Nello stesso arco di tempo il Parlamento ha licenziato un’unica legge solitaria
(la n.128), peraltro sotto dettatura di palazzo Chigi, trattandosi della
conversione d’un decreto. Anzi no, si è sobbarcato pure un’altra fatica:
l’approvazione notturna del maxiemendamento alla legge di stabilità. Come la
tradizione confezionato dal governo, e senza risparmiare sulla stoffa: 531
comuni, 57.907 parole.
Insomma, i nostri cari estinti non hanno un gran daffare. Si
sono fatti confiscare da Letta e Quagliarello pure le riforme costituzionali;
eppure questo menù, da che mondo è mondo, dovrebbe cucinarsi in Parlamento.
Perché i cambiamenti della Carta toccano tutti, maggioranza e opposizione. E
perché l’opposizione abita alle Camere, non a palazzo Chigi. Del resto l’inedia
s’estende all’altra regola del gioco, la legge elettorale. Ci avevano promesso
in mille lingue di correggerla, sono rimasti con la lingua penzoloni. E il
rapporto di fiducia con l’esecutivo? Non serve un nuovo voto, dopo l’addio di
Forza Italia? Sì, no, forse. Intanto la Camera vota a ranghi compatti la
fiducia al ministro Cancellieri (405 in favore, 154 contro), mentre gli
italiani ne invocano, altrettanto compatti, le immediate dimissioni (89 per
cento, in base a un sondaggio del “Messaggero”. Ma il Parlamento ormai non
parla con l’Italia. Né con i principali leader politici italiani (Renzi,
Grillo, Berlusconi), che lì dentro non hanno diritto di parola, dato che non
hanno neanche un seggio.
Domanda: e allora a che diavolo serve farsi eleggere? Risposta:
serve a procurarsi una ricca busta paga, nonché l’indennità dagli arresti.

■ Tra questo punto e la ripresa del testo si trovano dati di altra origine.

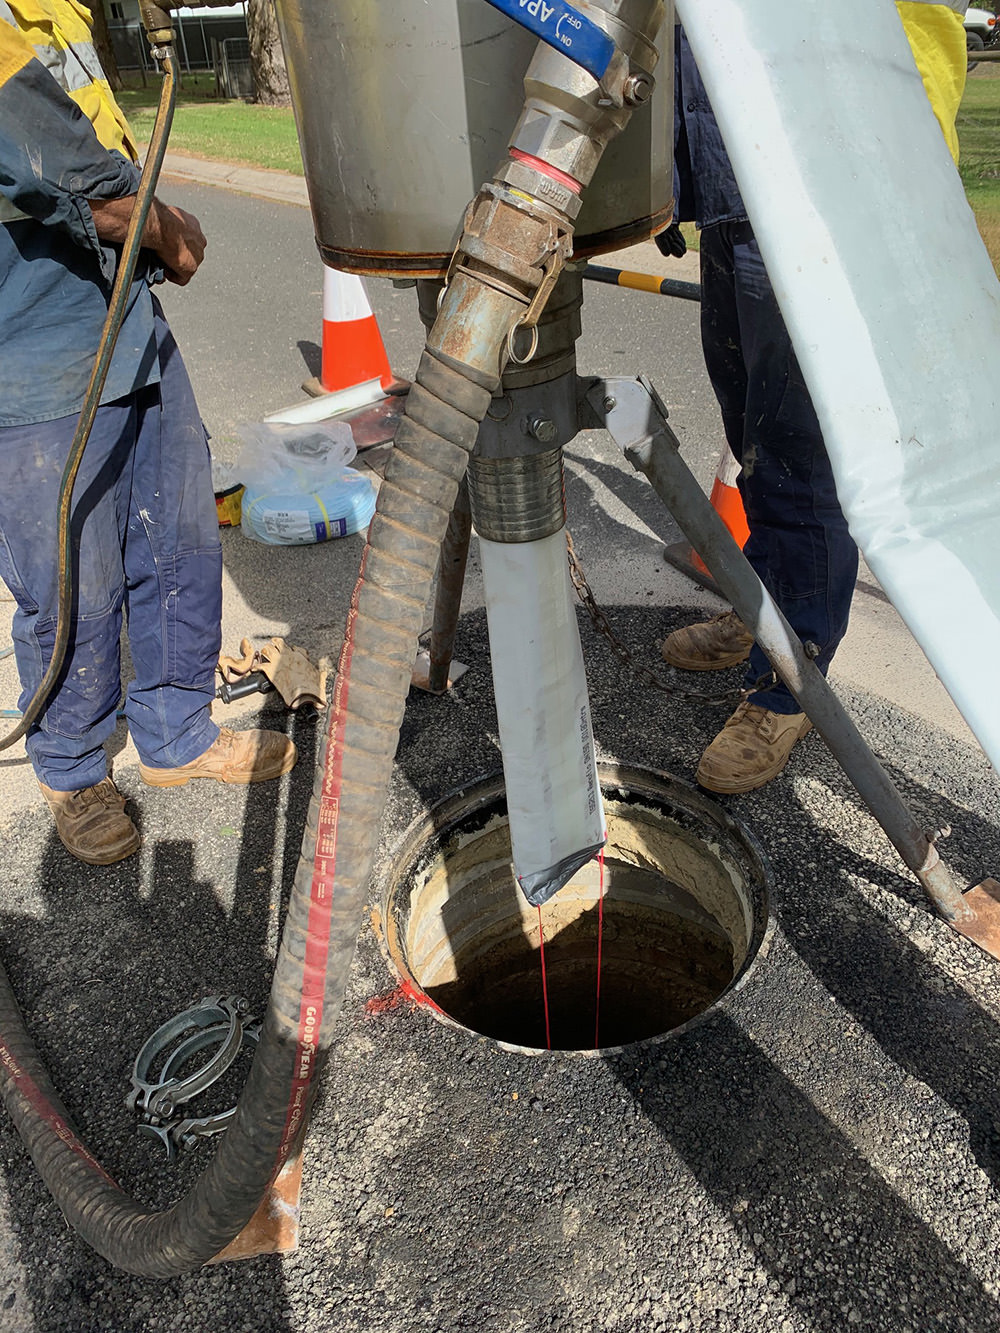 Trenchless Pipe Relining

Quanto meno alle nostre latitudini; ma sta di fatto che l’eclissi delle
assemblee rappresentative è un fenomeno mondiale. Negli Usa il politologo
Benjamin Barber propone di sostituirle con un congresso di sindaci (If Mayors
Ruled the World, Yale University Press, 2013). In Francia Sègolène Royal, già
nel 2006, evocò giurie di cittadini sorteggiati. In Islanda, nel 2011, hanno
emendato la Costituzione aprendo una pagina su Facebook. Ovunque si
moltiplicano esperienze di democrazia diretta, partecipativa, deliberativa. E
in Italia? Tutti conservatori. Non hanno capito che non c’è rimasto nulla,
proprio nulla, da conservare in frigorifero.